Joined: Jun 13, 2005
Posts: 335
concept is if two objects are equal than their hashCode must be same.
however if two objects are not equal than their hashCode may be equal or may not be equal.

you are giving same hashCode for every object (return 31

so that satisfies first statement. if two objects are equal than hashCode is equal. though it is inefficient it is legal.
[ September 07, 2005: Message edited by: Santana Iyer ]
Karu Raj
Ranch Hand

Joined: Aug 31, 2005
Posts: 481
please explain me more clear

i am understand where do i get the value 31 is it default value for the hashcode.
Joshua Smith
Ranch Hand

Joined: Aug 22, 2005
Posts: 193
Santana is right. Answer A is technically correct as it technically honors the contract, but it would not normally be used in the real world. Answer B is a better answer since it uniquely identifies the object. But for the sake of certification, you have to answer A and B.

From the API for Object:


Returns a hash code value for the object. This method is supported for the benefit of hashtables such as those provided by java.util.Hashtable.
The general contract of hashCode is:

Whenever it is invoked on the same object more than once during an execution of a Java application, the hashCode method must consistently return the same integer, provided no information used in equals comparisons on the object is modified. This integer need not remain consistent from one execution of an application to another execution of the same application.
If two objects are equal according to the equals(Object) method, then calling the hashCode method on each of the two objects must produce the same integer result.
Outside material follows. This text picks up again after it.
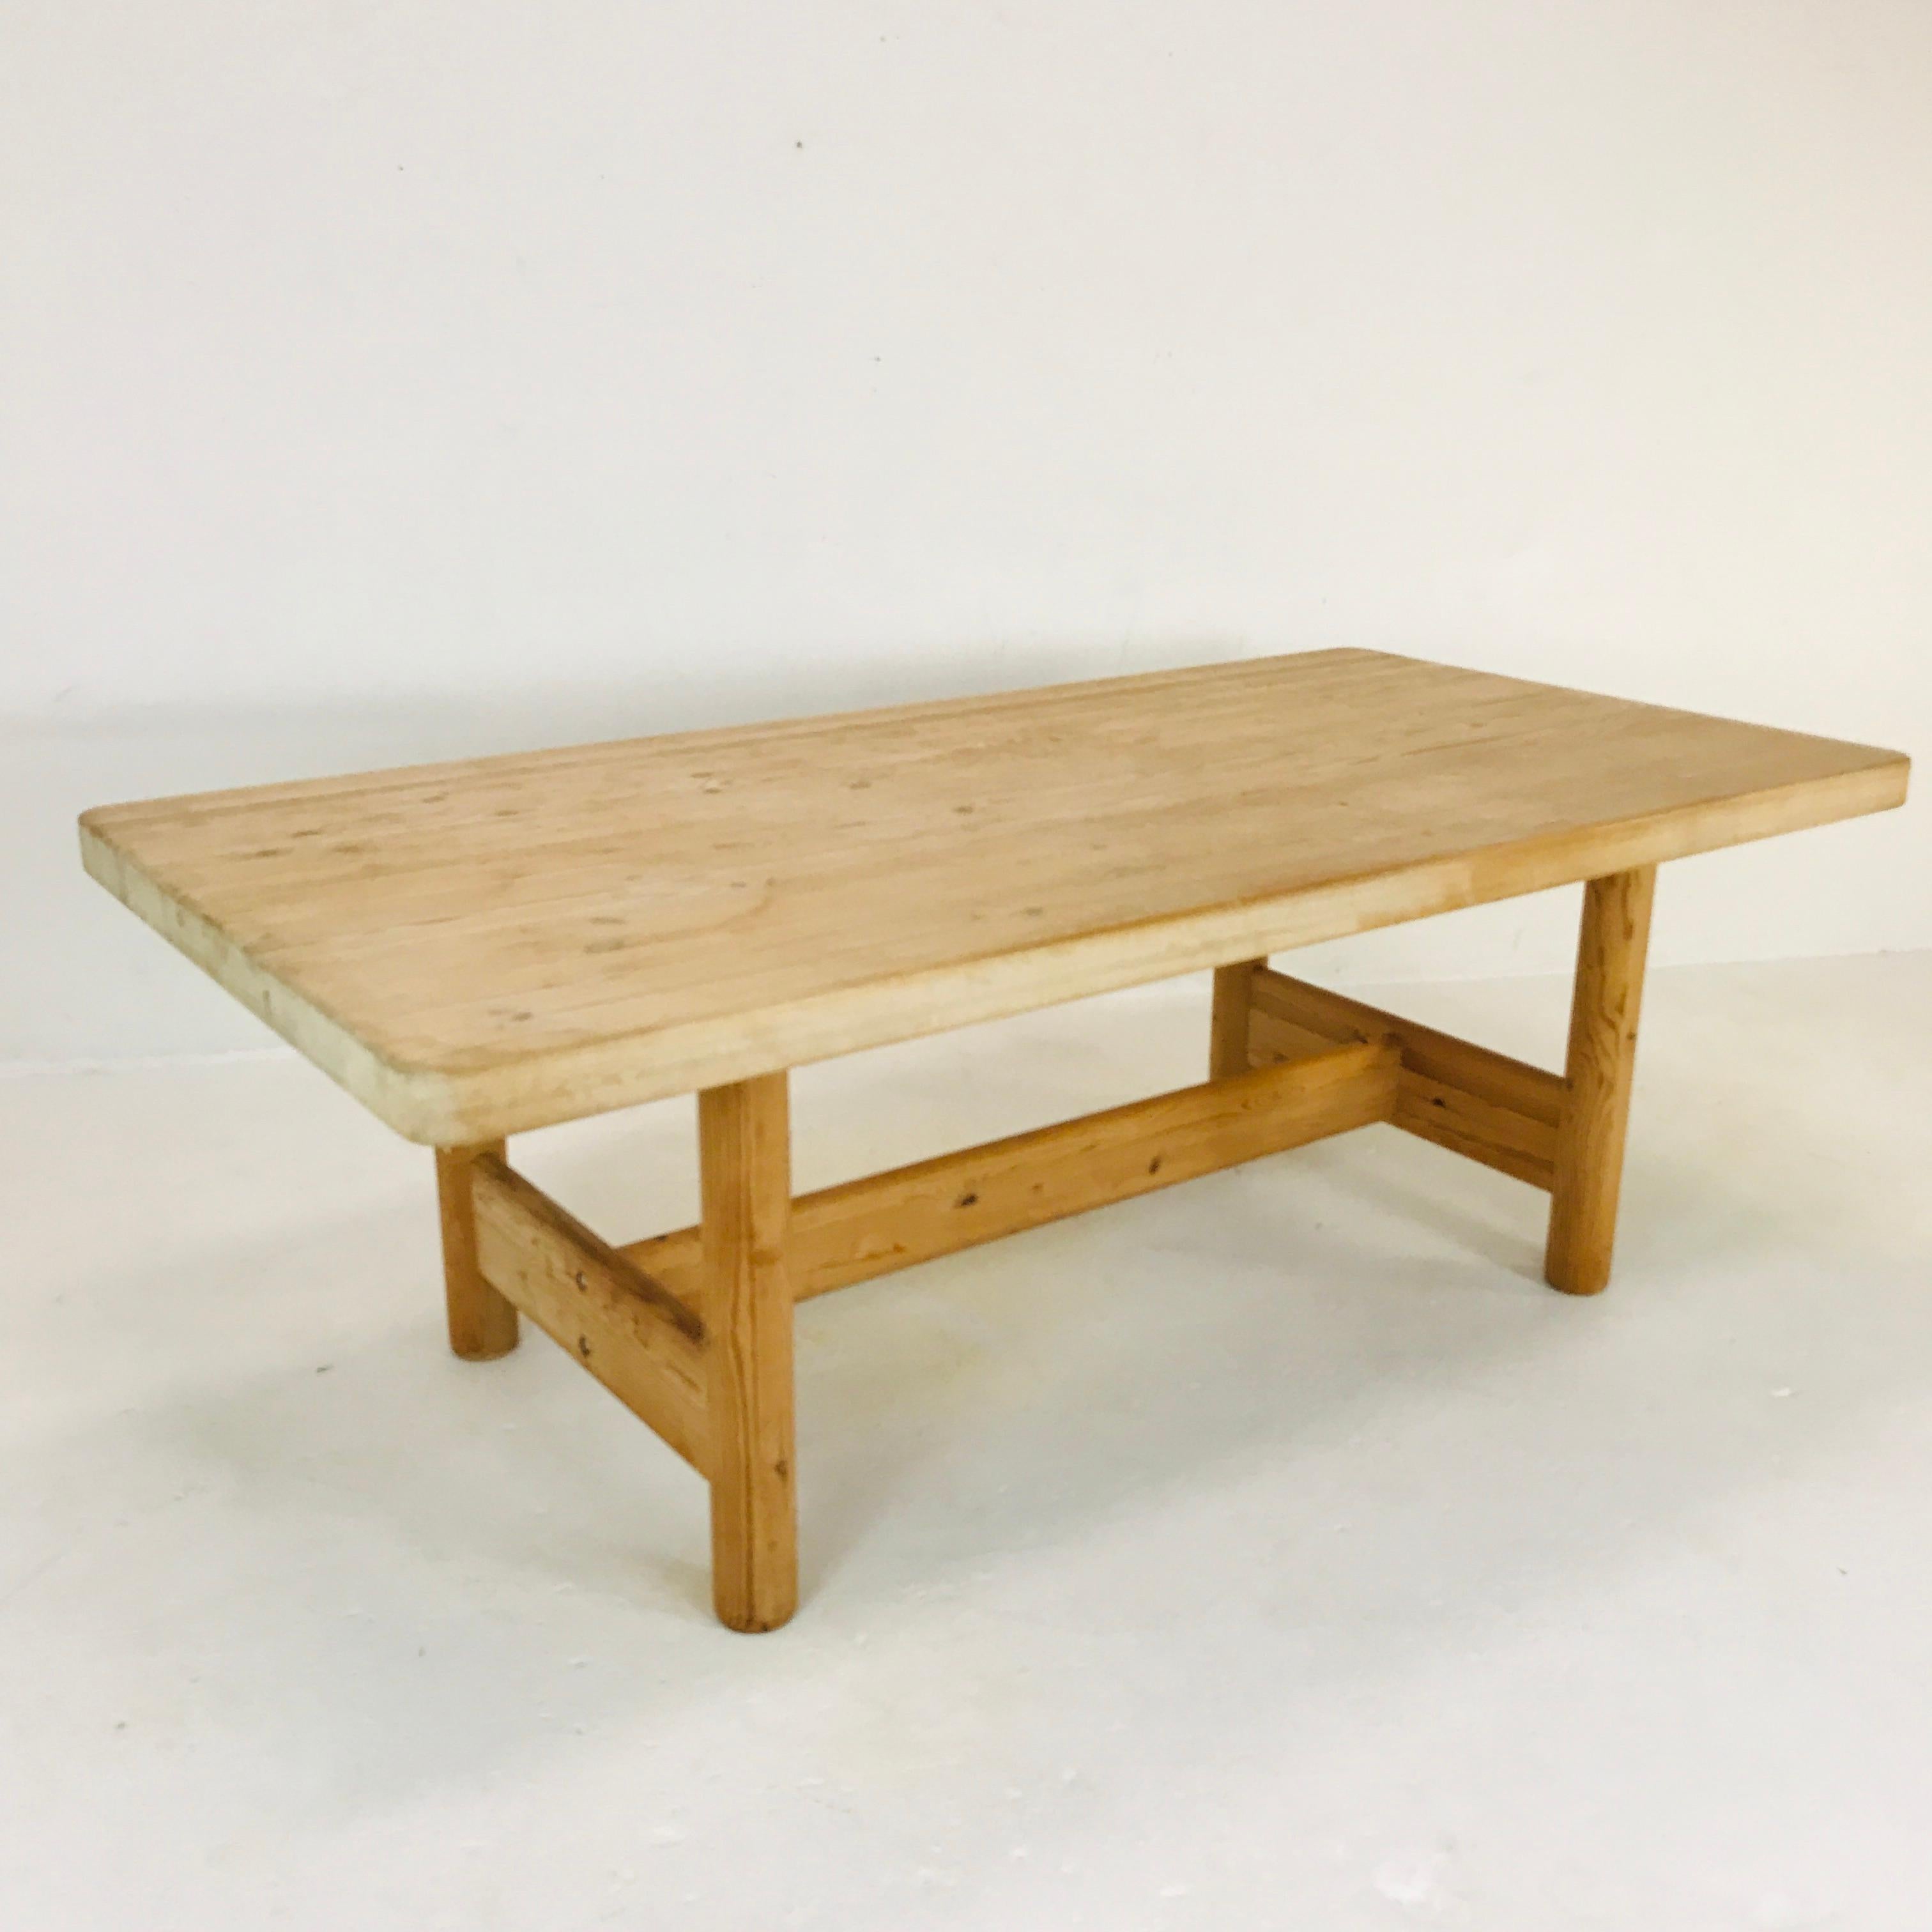 Thick and Heavy solid Scandinavian pine butcher block dining table. Imported to the United States by the original owner in the 1970s. Original natural wood finish - refinishing recommended (tabletop includes some visible scratches and watermarks).

It is not required that if two objects are unequal according to the equals(java.lang.Object) method, then calling the hashCode method on each of the two objects must produce distinct integer results. However, the programmer should be aware that producing distinct integer results for unequal objects may improve the performance of hashtables.

As much as is reasonably practical, the hashCode method defined by class Object does return distinct integers for distinct objects. (This is typically implemented by converting the internal address of the object into an integer, but this implementation technique is not required by the JavaTM programming language.)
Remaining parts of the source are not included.